Don’t forget the named instances Rob!

Michael Karpenko wrote a comment pointing out that I had not supported named instances, which was correct as it had not been written for that. Thank you Michael 🙂 I have updated the code to deal with named instances.

Confusing results

I also realised as we started testing the code that if you had run the code once and then ran it again against a different availability group the tool does not clear out the data folder that it uses so you can get confusing results.

In the image below I had looked at the default instance and then a MIRROR named instance. As you can see the results json on the left shows the default instance SQLClusterAG while the one on the right shows both the SQLClusterAG and the MirrrAG instance results.

duplicate results.png

This is not so useful if you don’t notice this at first with the expanded json!! Now you may in this situation want to see the combined results from all of the availability groups on one cluster. You could gather all of the data from each instance and then add it to the data folder easily enough.

By cleaning out the data folder before running the utility the results are as expected.

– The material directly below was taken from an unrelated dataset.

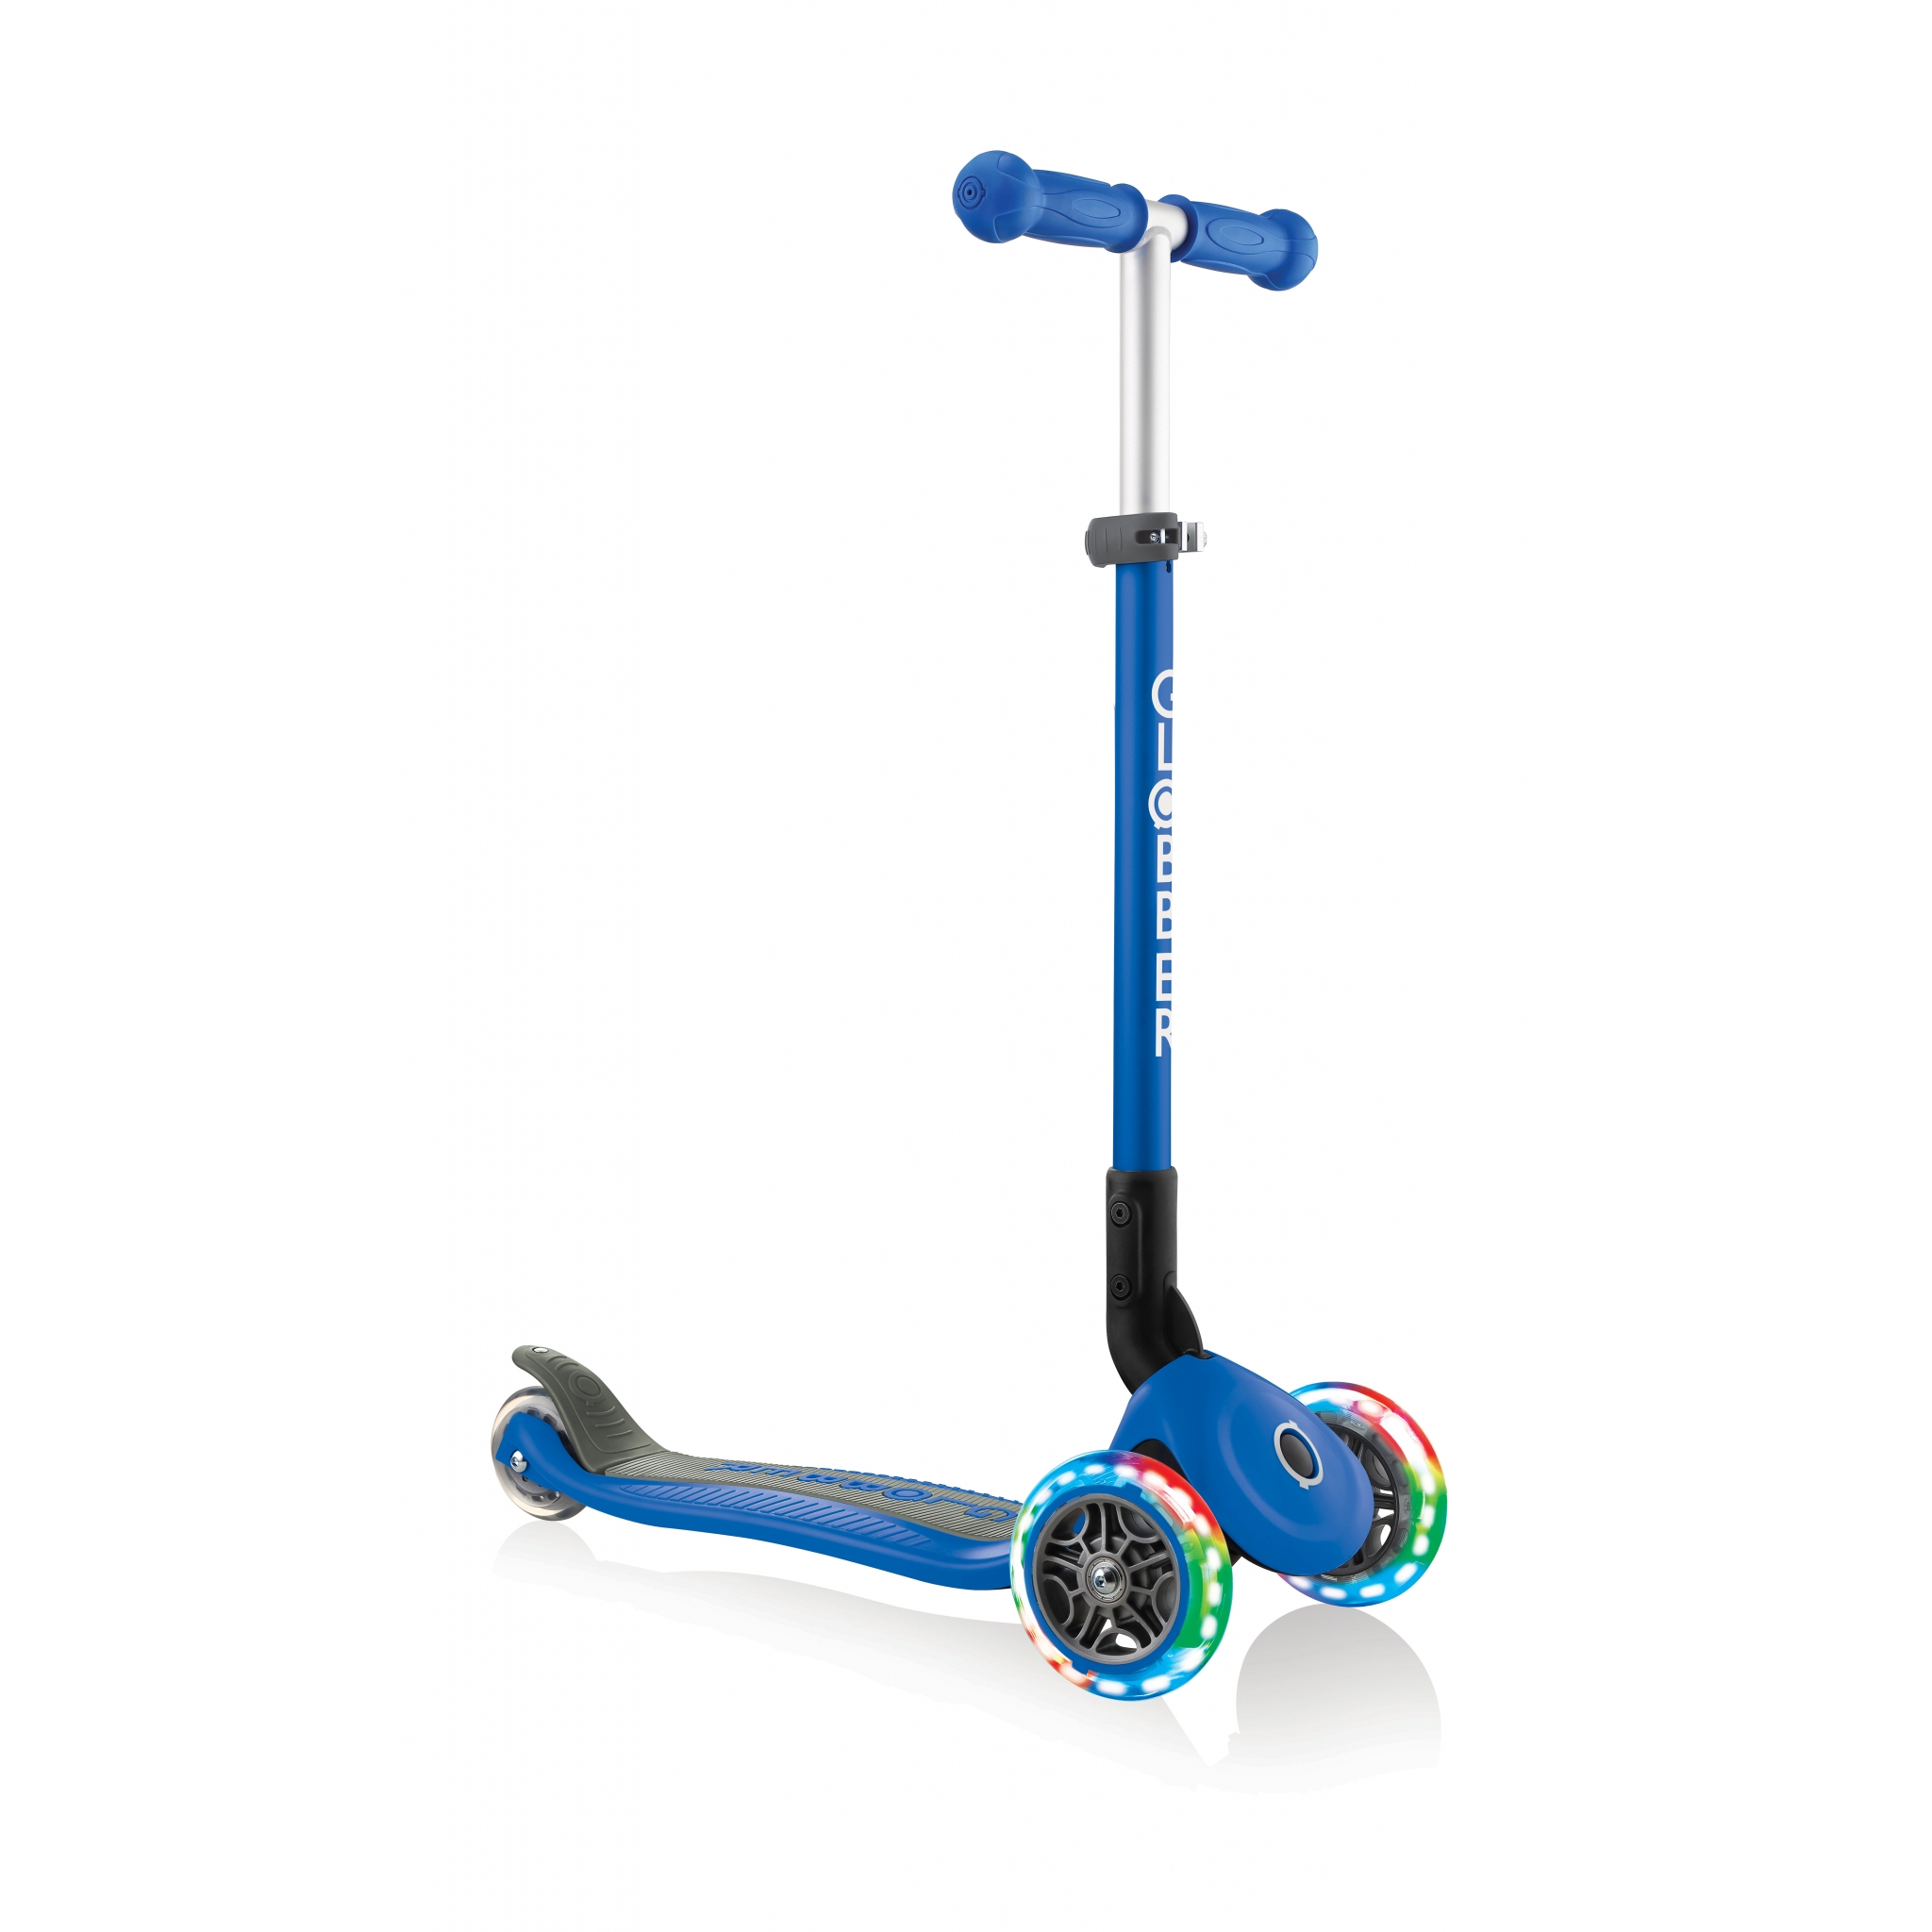 PRIMO-FOLDABLE-LIGHTS-3-wheel-foldable-scooter-light-up-scooter-for-kids-navy-blue 4

duplicate results fixed.png

Archive the data for historical analysis

One of the production DBAs pointed out that having gathered the information, it would be useful to hold it for better analysis of repeated issues. I have added an archiving step so that when the tools runs, if there is already data in the data gathering folder, it will copy that to an archive folder and name it with the date and time that the cluster log was created as this is a good estimation of when the analysis was performed. If an archive folder location is not provided it will create an archive folder in the data folder. This is not an ideal solution though, as the utility will copy all of the files and folders from there to its own location so it is better to define an archive folder in the parameters.

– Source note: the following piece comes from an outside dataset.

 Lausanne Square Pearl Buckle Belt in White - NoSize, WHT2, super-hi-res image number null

Get-Eventlog is sloooooooooooow

I was running the tools and noticed it sat running the system event log task for a long long time. I ran some tests using a variation of the dbatools prompt.

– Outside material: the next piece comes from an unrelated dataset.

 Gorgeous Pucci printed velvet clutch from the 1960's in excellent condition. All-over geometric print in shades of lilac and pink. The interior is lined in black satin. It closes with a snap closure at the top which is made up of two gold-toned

This will show in the prompt how long it took to run the previous statement .

speed.png

In the image above (which you can click to get a larger version as with all images on this blog) you can see that it took 18ms to set the date variable, FOUR MINUTES and FORTY THREE seconds to get the system log in the last 2 days using Get-EventLog and 29.1 seconds using Get-WinEvent and a FilterHashtable.

Getting the function

This function requires PowerShell version 5 and the dbatools module.

You can get the function from my GitHub Functions Repository here (at the moment – will be adding to dbatools see below)

Load the function by either running the code or if you have it saved as a file dot-sourcing it.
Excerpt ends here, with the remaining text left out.